Liu Rui, Fu Lin, De Man Bruno, Yu Hengyong
Wake Forest University Health Sciences, Winston-Salem, NC 27103 USA.
General Electric Global Research, 1 Research Cycle, Niskayuna, NY 12309 USA.
IEEE Trans Comput Imaging. 2017 Dec;3(4):617-632. doi: 10.1109/TCI.2017.2675705. Epub 2017 Feb 28.
Projection and backprojection operations are essential in a variety of image reconstruction and physical correction algorithms in CT. The distance-driven (DD) projection and backprojection are widely used for their highly sequential memory access pattern and low arithmetic cost. However, a typical DD implementation has an inner loop that adjusts the calculation depending on the relative position between voxel and detector cell boundaries. The irregularity of the branch behavior makes it inefficient to be implemented on massively parallel computing devices such as graphics processing units (GPUs). Such irregular branch behaviors can be eliminated by factorizing the DD operation as three branchless steps: integration, linear interpolation, and differentiation, all of which are highly amenable to massive vectorization. In this paper, we implement and evaluate a highly parallel branchless DD algorithm for 3D cone beam CT. The algorithm utilizes the texture memory and hardware interpolation on GPUs to achieve fast computational speed. The developed branchless DD algorithm achieved 137-fold speedup for forward projection and 188-fold speedup for backprojection relative to a single-thread CPU implementation. Compared with a state-of-the-art 32-thread CPU implementation, the proposed branchless DD achieved 8-fold acceleration for forward projection and 10-fold acceleration for backprojection. GPU based branchless DD method was evaluated by iterative reconstruction algorithms with both simulation and real datasets. It obtained visually identical images as the CPU reference algorithm.

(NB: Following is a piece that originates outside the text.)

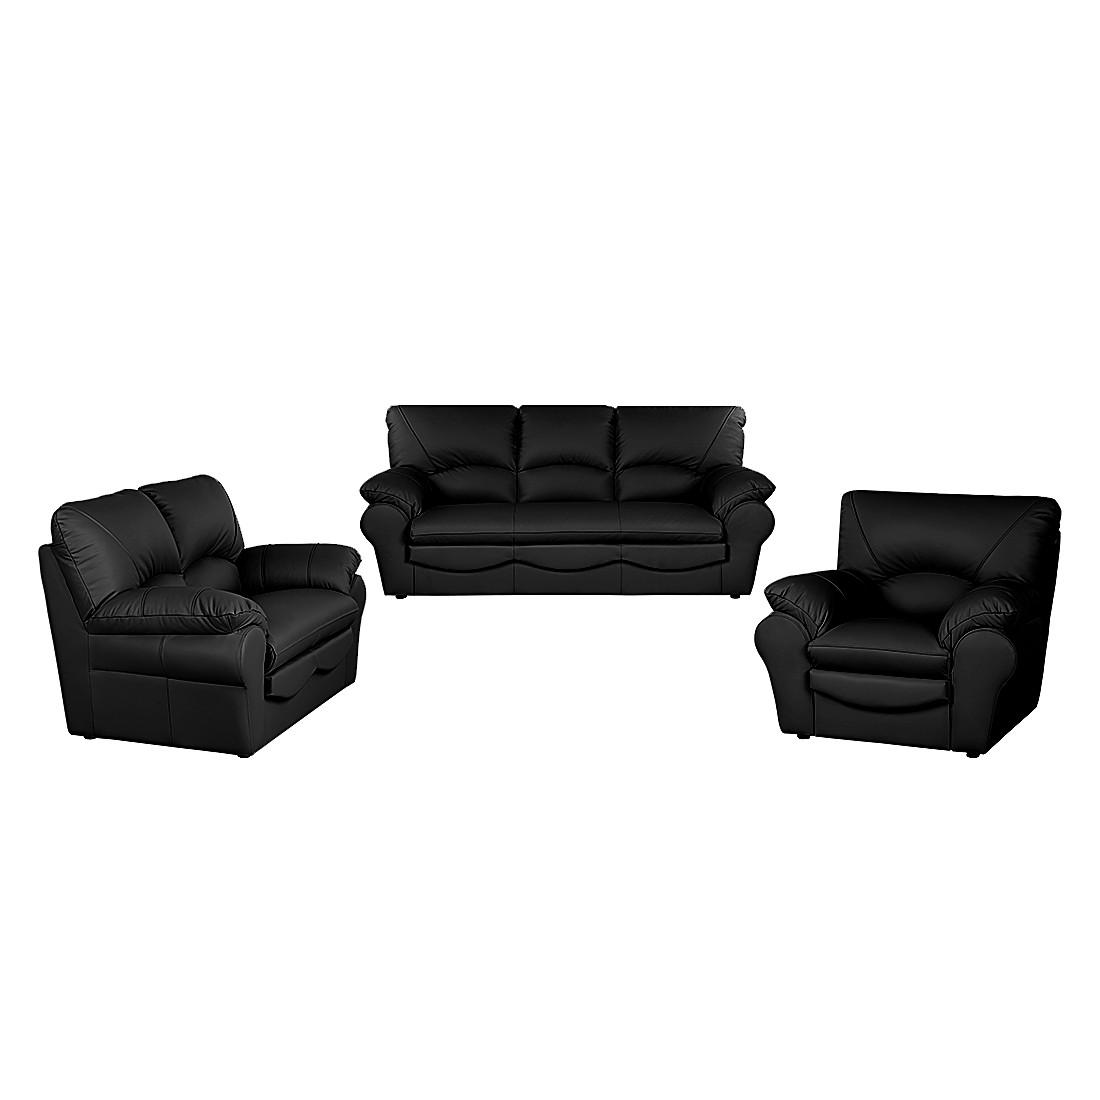 Canapé panoramique Torsby (3 - 2 - 1) - Cuir véritable noir, Nuovoform
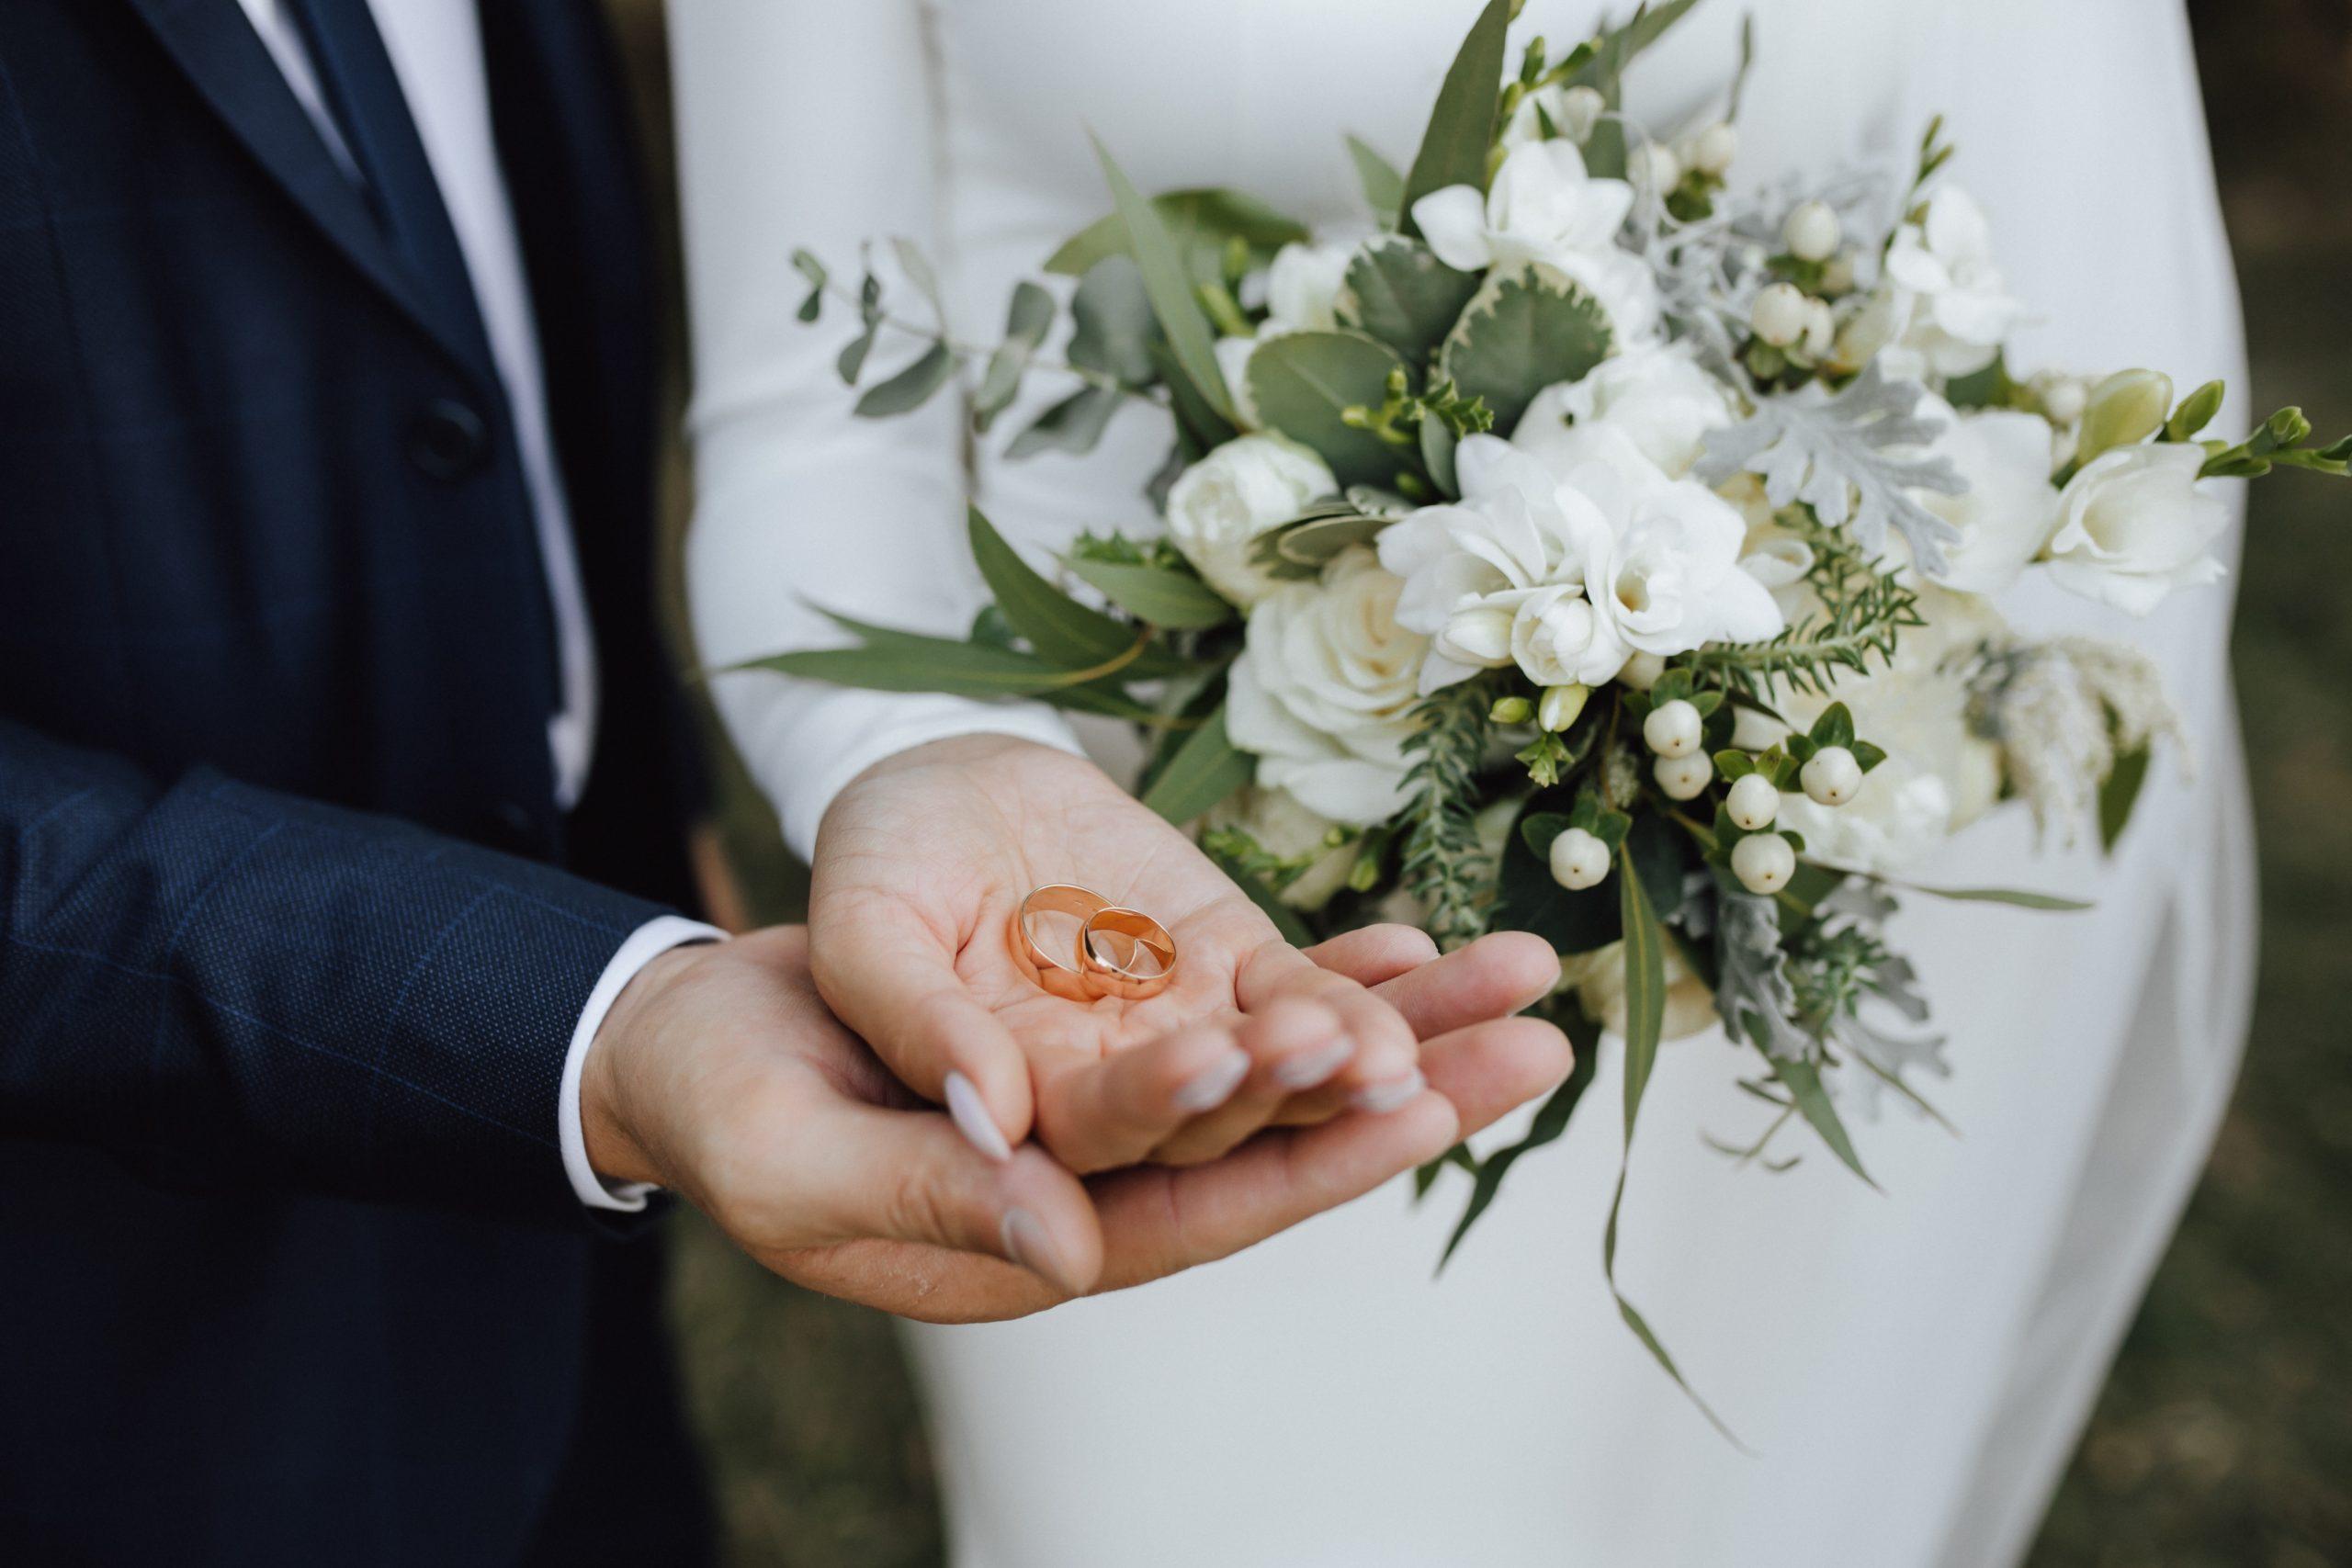 Borrow cash - Dream Wedding

投影和反投影操作在CT的各种图像重建和物理校正算法中至关重要。距离驱动(DD)投影和反投影因其高度顺序的内存访问模式和低算术成本而被广泛使用。然而,典型的DD实现有一个内循环,它根据体素和探测器单元边界之间的相对位置来调整计算。分支行为的不规则性使得在图形处理单元(GPU)等大规模并行计算设备上实现效率低下。通过将DD操作分解为三个无分支步骤:积分、线性插值和微分,可以消除这种不规则分支行为,所有这些步骤都非常适合大规模向量化。在本文中,我们实现并评估了一种用于三维锥形束CT的高度并行无分支DD算法。该算法利用GPU上的纹理内存和硬件插值来实现快速计算速度。相对于单线程CPU实现,所开发的无分支DD算法在正向投影中实现了137倍的加速,在反投影中实现了188倍的加速。与最先进的32线程CPU实现相比,所提出的无分支DD在正向投影中实现了8倍的加速,在反投影中实现了10倍的加速。基于GPU的无分支DD方法通过使用模拟和真实数据集的迭代重建算法进行评估。它获得了与CPU参考算法视觉上相同的图像。